И в конце концов, о личном читательском опыте двух текстов Деррида (можно подумать, до сих пор было о чем-то неличном). Возможно, я бы не накопил в себе достаточного энергетического заряда для этого текста, если бы не «Почтовая открытка» и «Золы угасшъй прах» Деррида. В этих вещах философия, поэзия, интимный дневник, признание в любви, литература потока сознания — все даны сразу, и очень тесно граничат друг с другом, сливаются в одно, смешиваются. Получается восхитительный по своей поэтической концентрации текст. От начала до конца эта открытка, кажущаяся бесконечным потоком изрядно помраченного любовной страстью сознания, вереница открыток — сбивчивое, сумасшедшее, путаное и оттого еще более трепетное и искреннее признание в любви любимой женщине, любимым мужчинам (Платон, Аристотель, Декарт, Фрейд), собственно письму, бытию… хочется длить перечисление. А также поделиться примерами того, о чем всю дорогу идет речь, но, как бы ни хотелось, я решаю воздержаться от цитат, этого обычного и ожидаемого требования околопоэтического текста. Главная причина: у меня вовсе нет уверенности, что цитата сработает, будучи вот так, вдруг, вклеена сюда непосредственно после другого текста (перед ним, среди него). Следующая причина: невозможно выбрать часть, которую можно было бы отделить от целого и предъявить, сказав: вот, смотрите, это то самое «поэтическое», о котором я тут талдычу уже битый час. Так не выйдет. Нужен отдельный труд погружения в этот поток, вхождение в этот тип говорения, адаптация, чтобы, уже находясь внутри, ощутить эту особенную поэтичность текста. То же касается «окраинных» текстов (и лекций) Фуко и Барта.

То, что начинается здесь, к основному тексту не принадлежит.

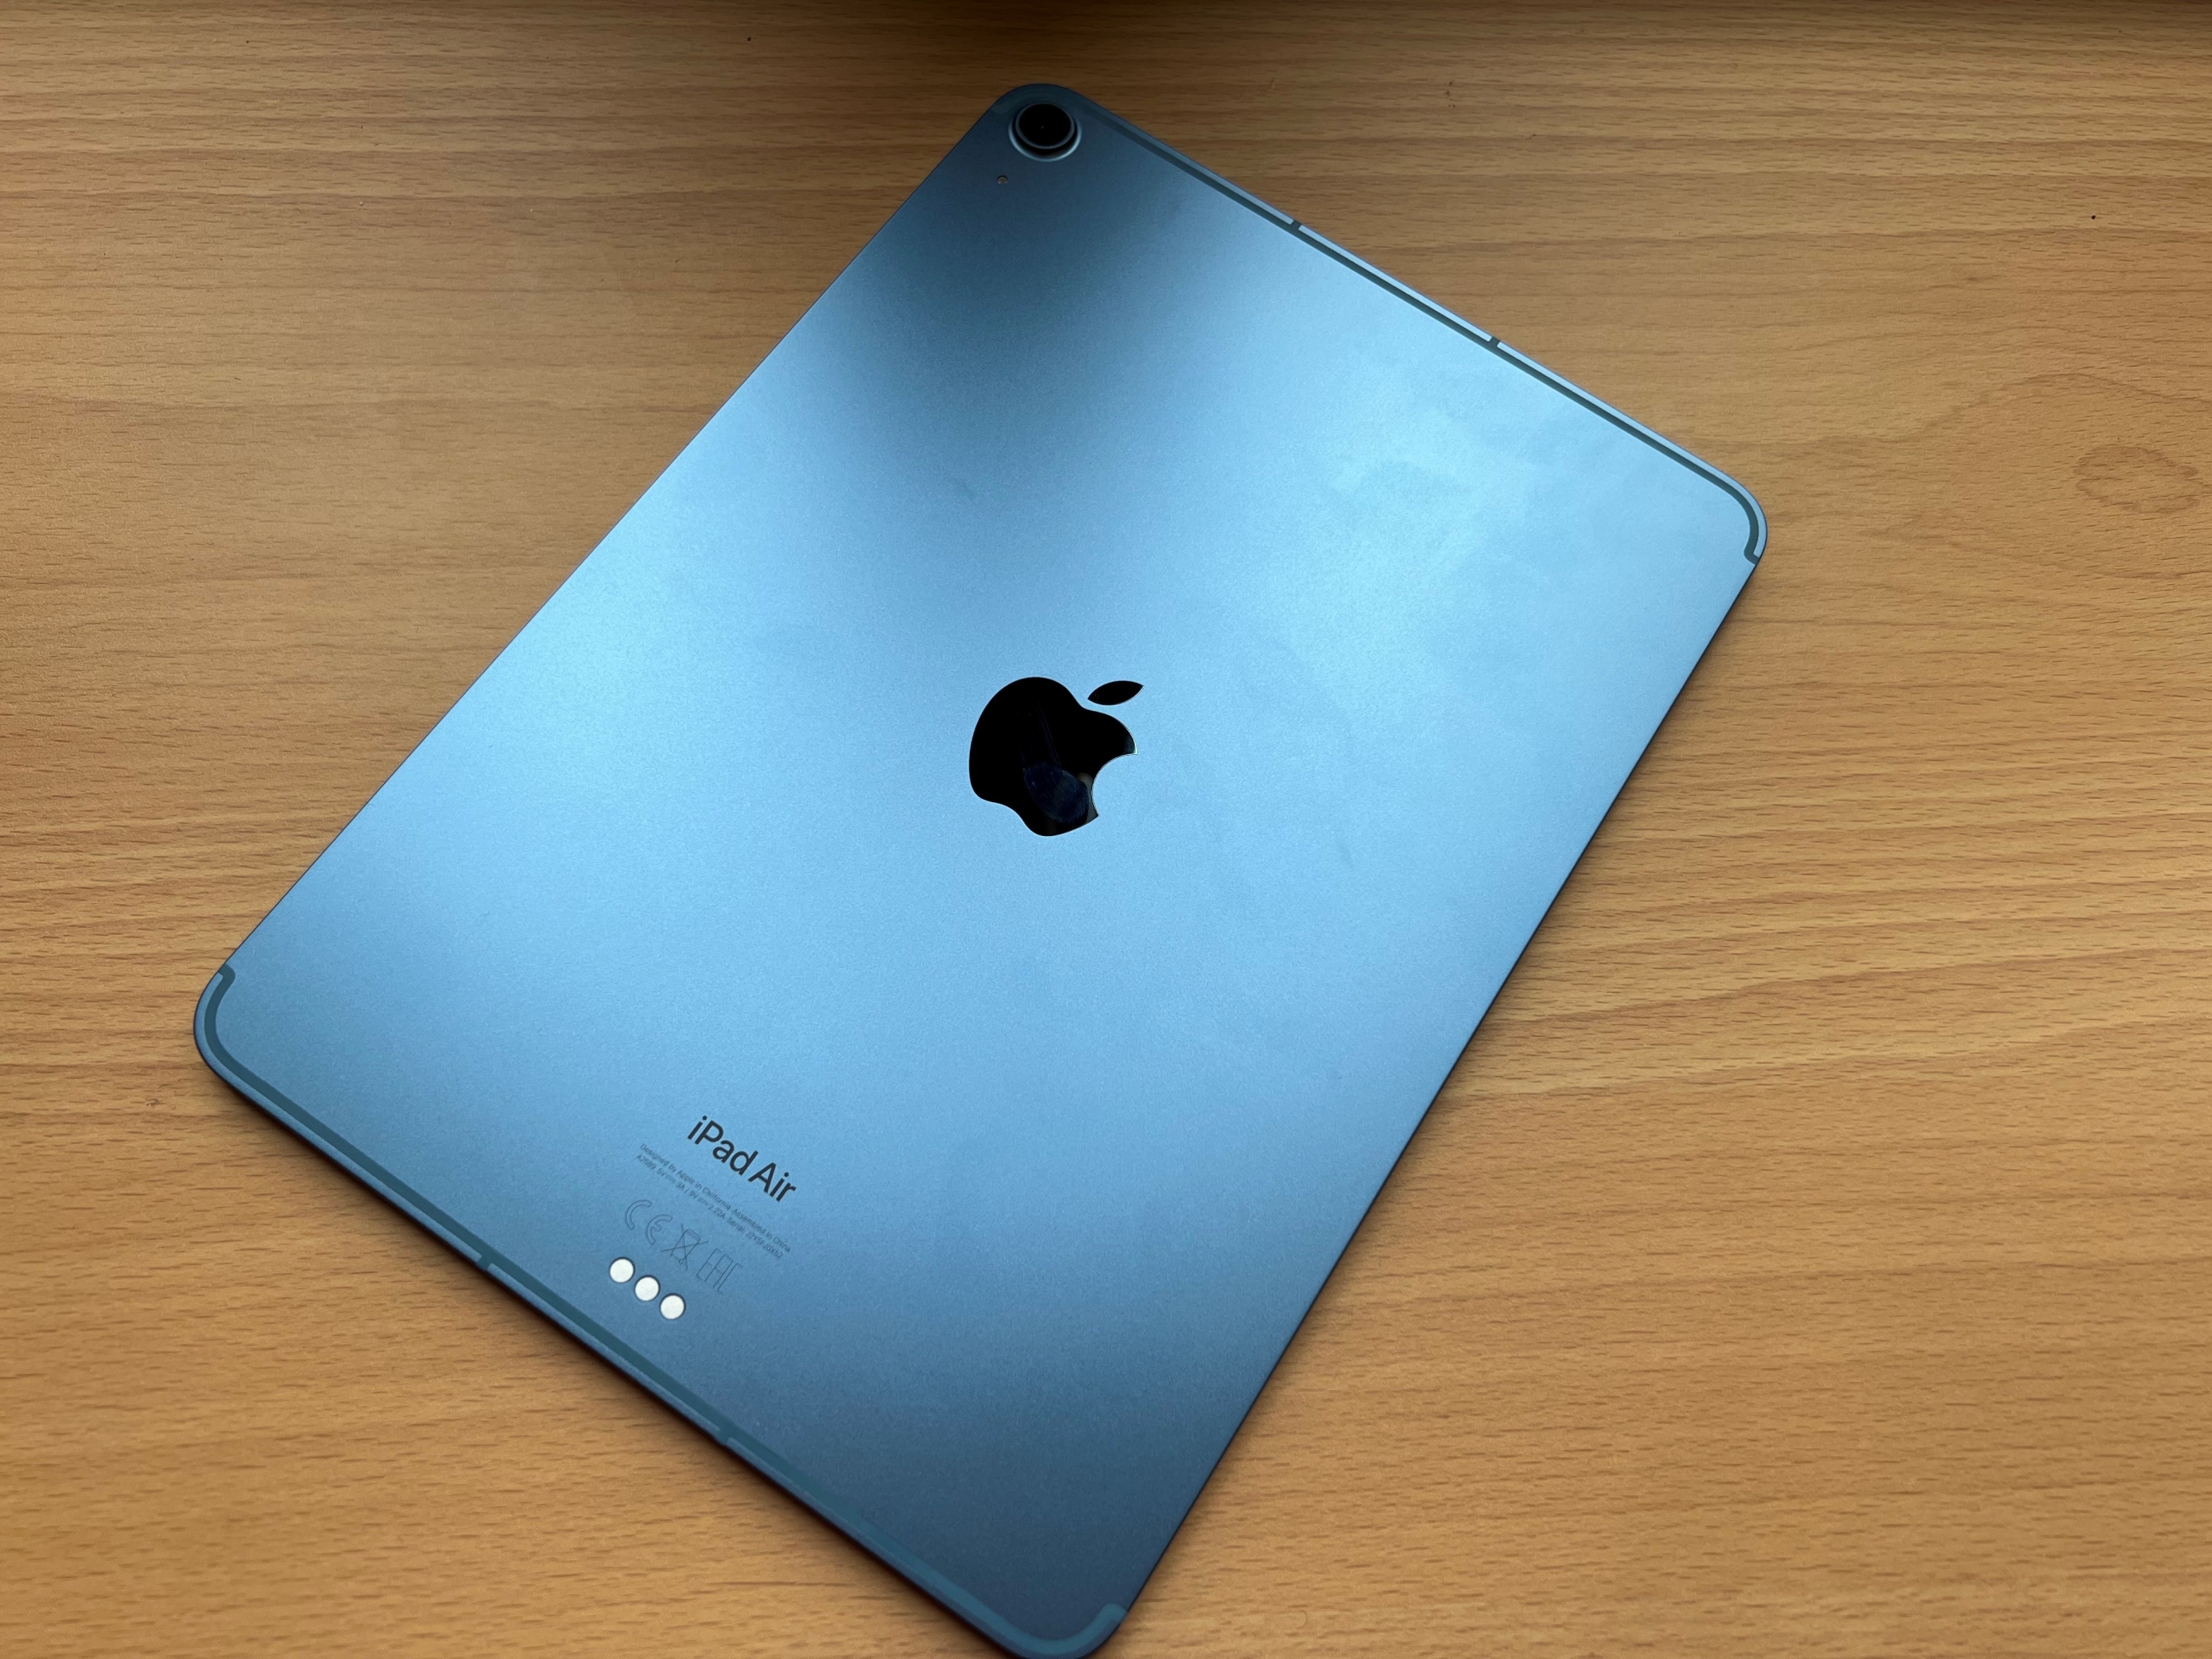 
                                    
                                iPad Air (2022), la recensione: sottile e potente, il tablet Apple più versatile

Эти тексты (= их авторы) умеют удивительным образом затягивать, погружать в себя, проводить экскурсию внутри себя и выводить наружу, но «наружа» эта уже где-то в другом месте. Поэтому в конце я просто приведу краткий список — вполне произвольное торжество личной вкусовщины — для отложенного погружения.

 

1. Барт Р. Фрагменты речи влюбленного. М.: Ad Marginem, 1999.

2. Барт Р. Империя знаков. М.: Праксис, 2004.

3. Барт Р. Ролан Барт о Ролане Барте. М.: Ad Marginem, 2012.

4. Барт Р. Camera lucida. Комментарий к фотографии. М.: Ad Marginem, 2013.

5. Деррида Ж. О почтовой открытке от Сократа до Фрейда и не только. Минск: Современный литератор, 1999.

6. Деррида Ж. Золы угасшъй прах. СПб.: Machina, 2012.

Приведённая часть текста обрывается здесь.